SOURCE DATA:
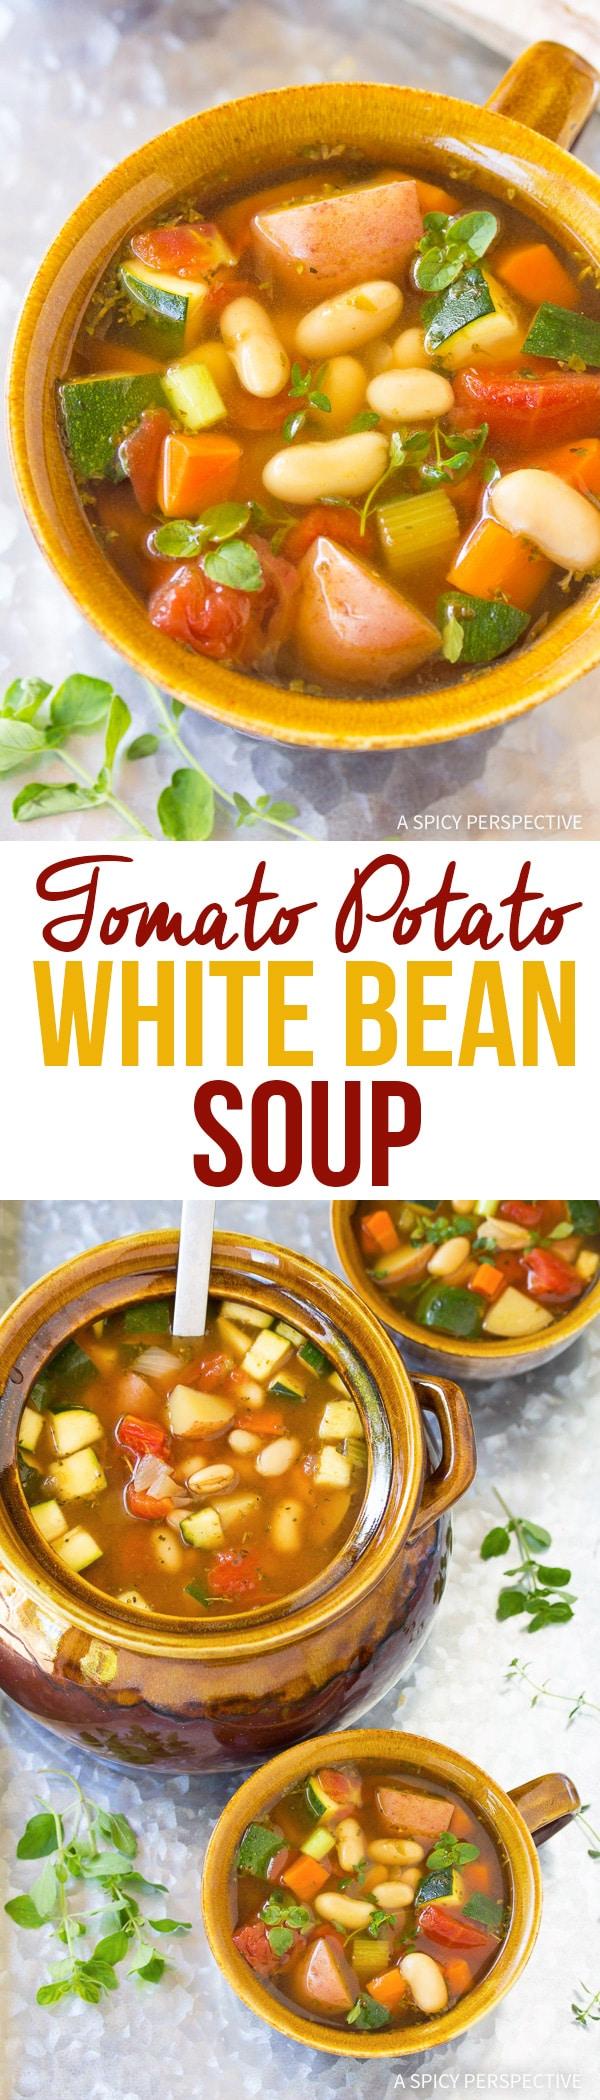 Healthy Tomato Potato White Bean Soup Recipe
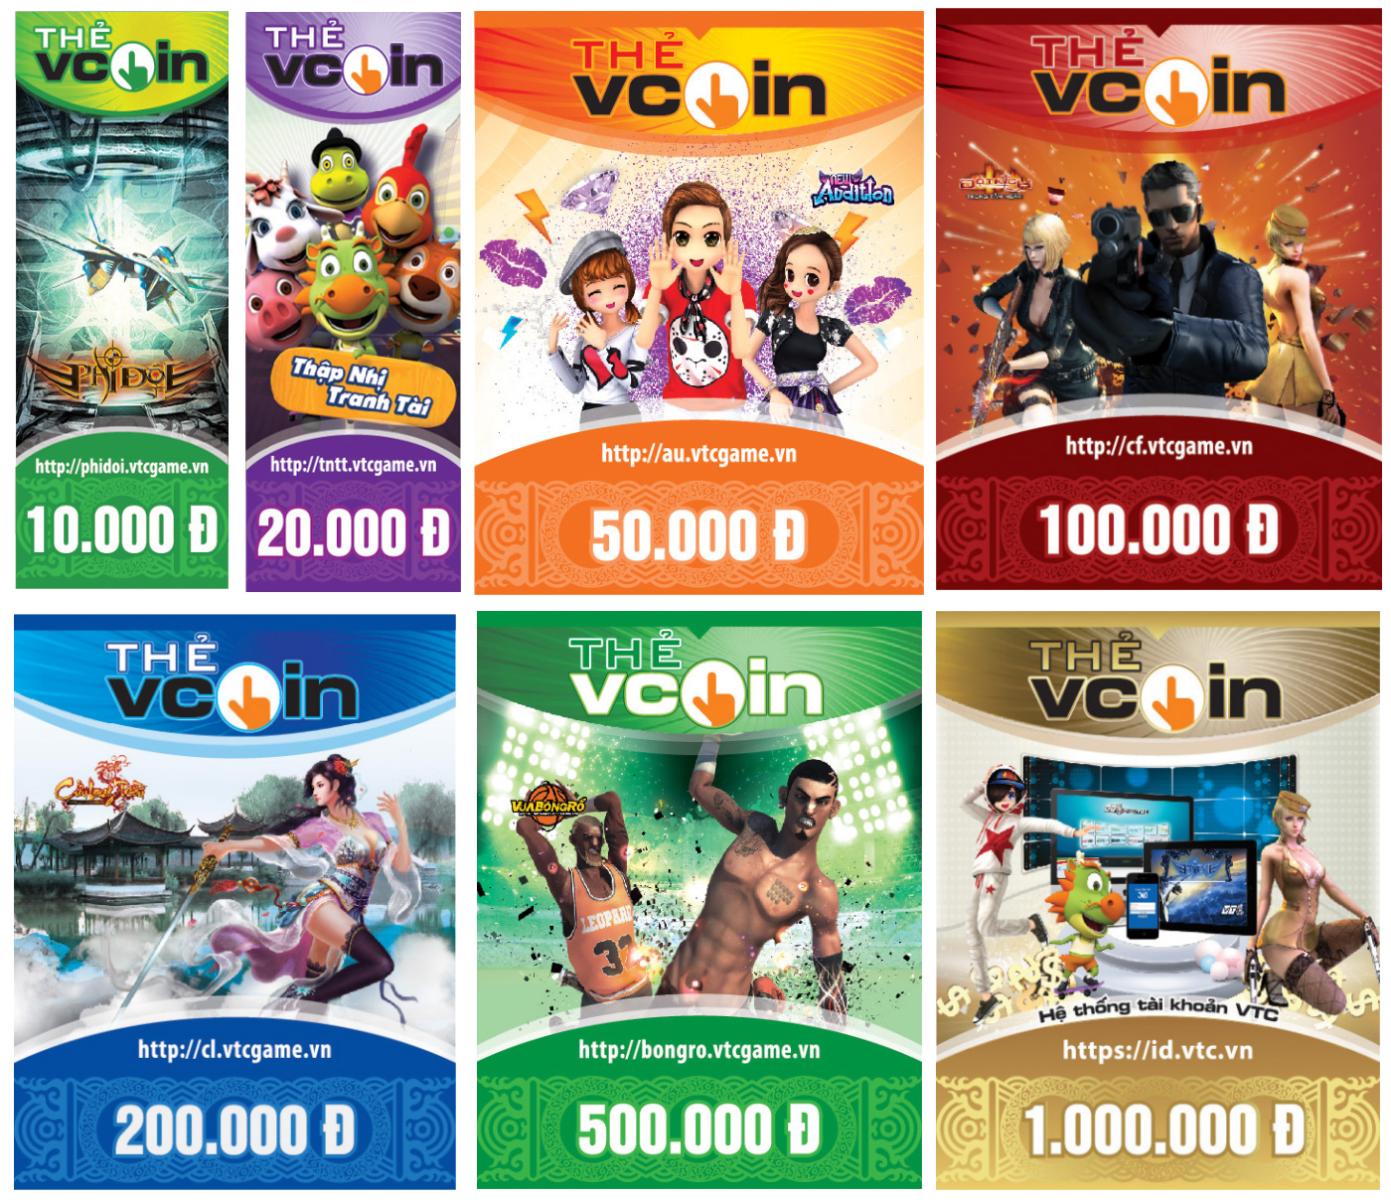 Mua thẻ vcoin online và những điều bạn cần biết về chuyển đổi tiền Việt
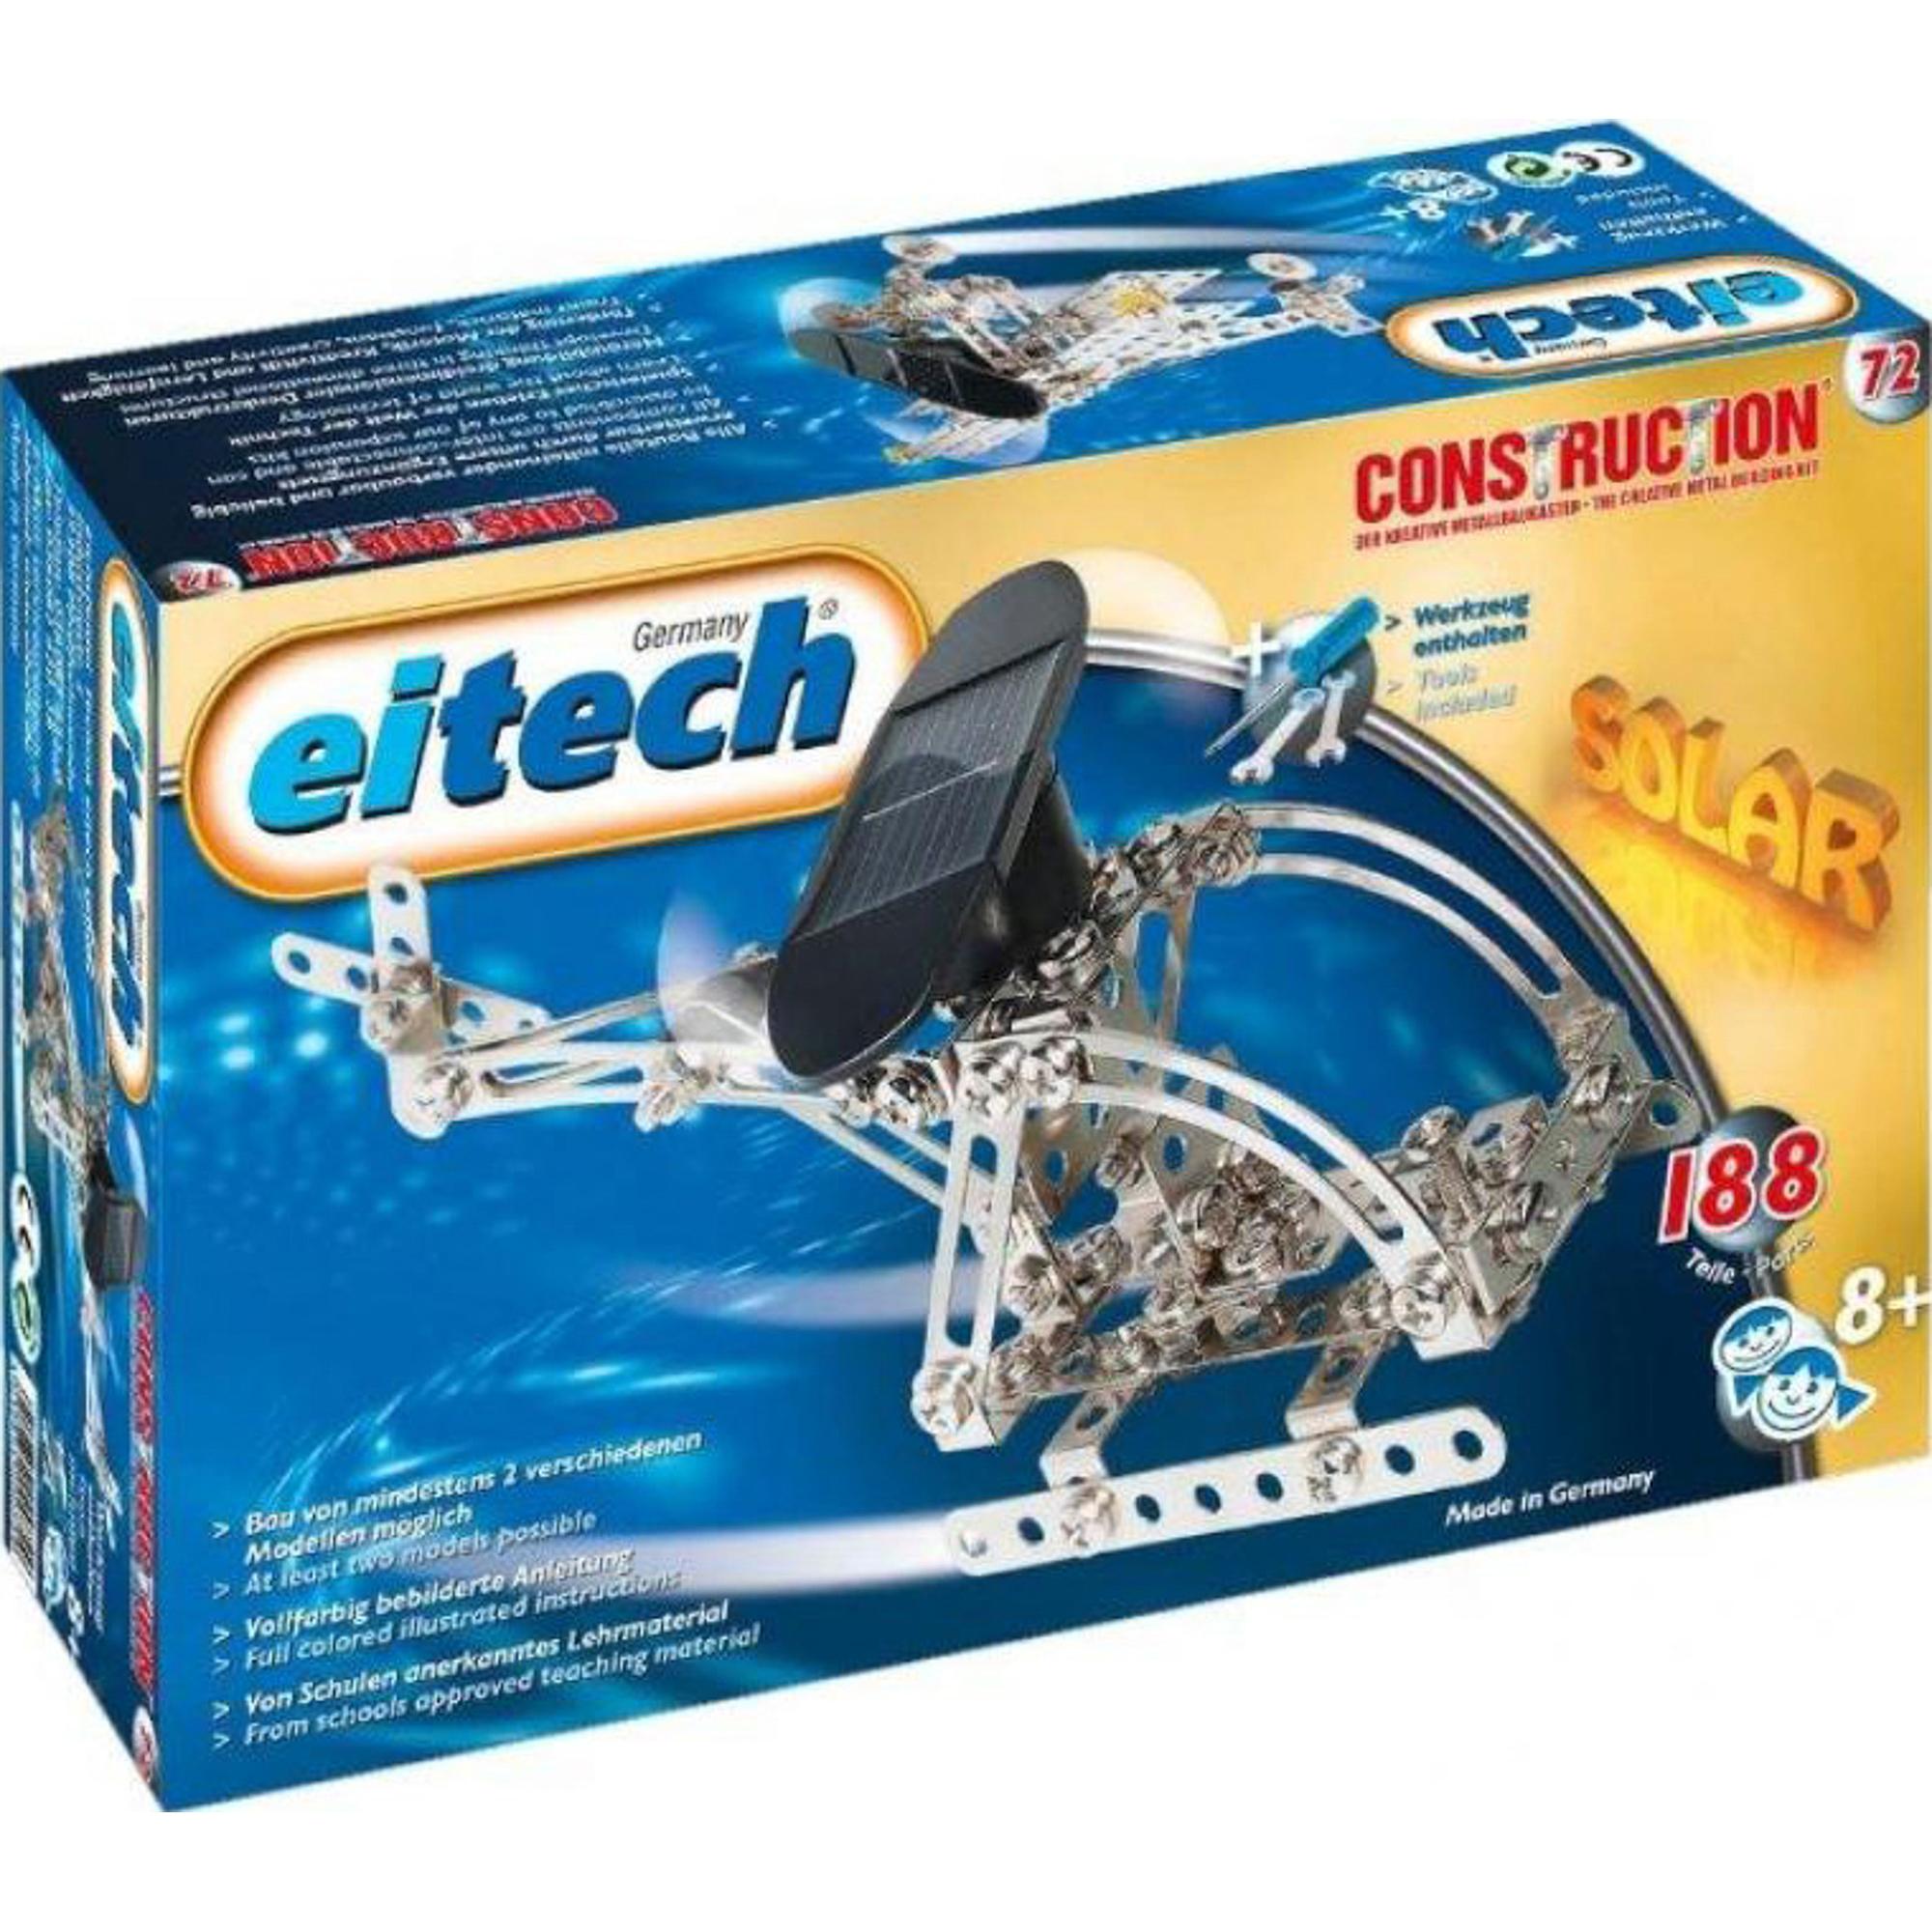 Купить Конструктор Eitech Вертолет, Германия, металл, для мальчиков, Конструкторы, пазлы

TASK ITEM:
Each line of the material is to be output exactly. Images are not part of the expected output.

REPLY TO THE EXERCISE:
 Healthy Tomato Potato White Bean Soup Recipe
 Mua thẻ vcoin online và những điều bạn cần biết về chuyển đổi tiền Việt
 Купить Конструктор Eitech Вертолет, Германия, металл, для мальчиков, Конструкторы, пазлы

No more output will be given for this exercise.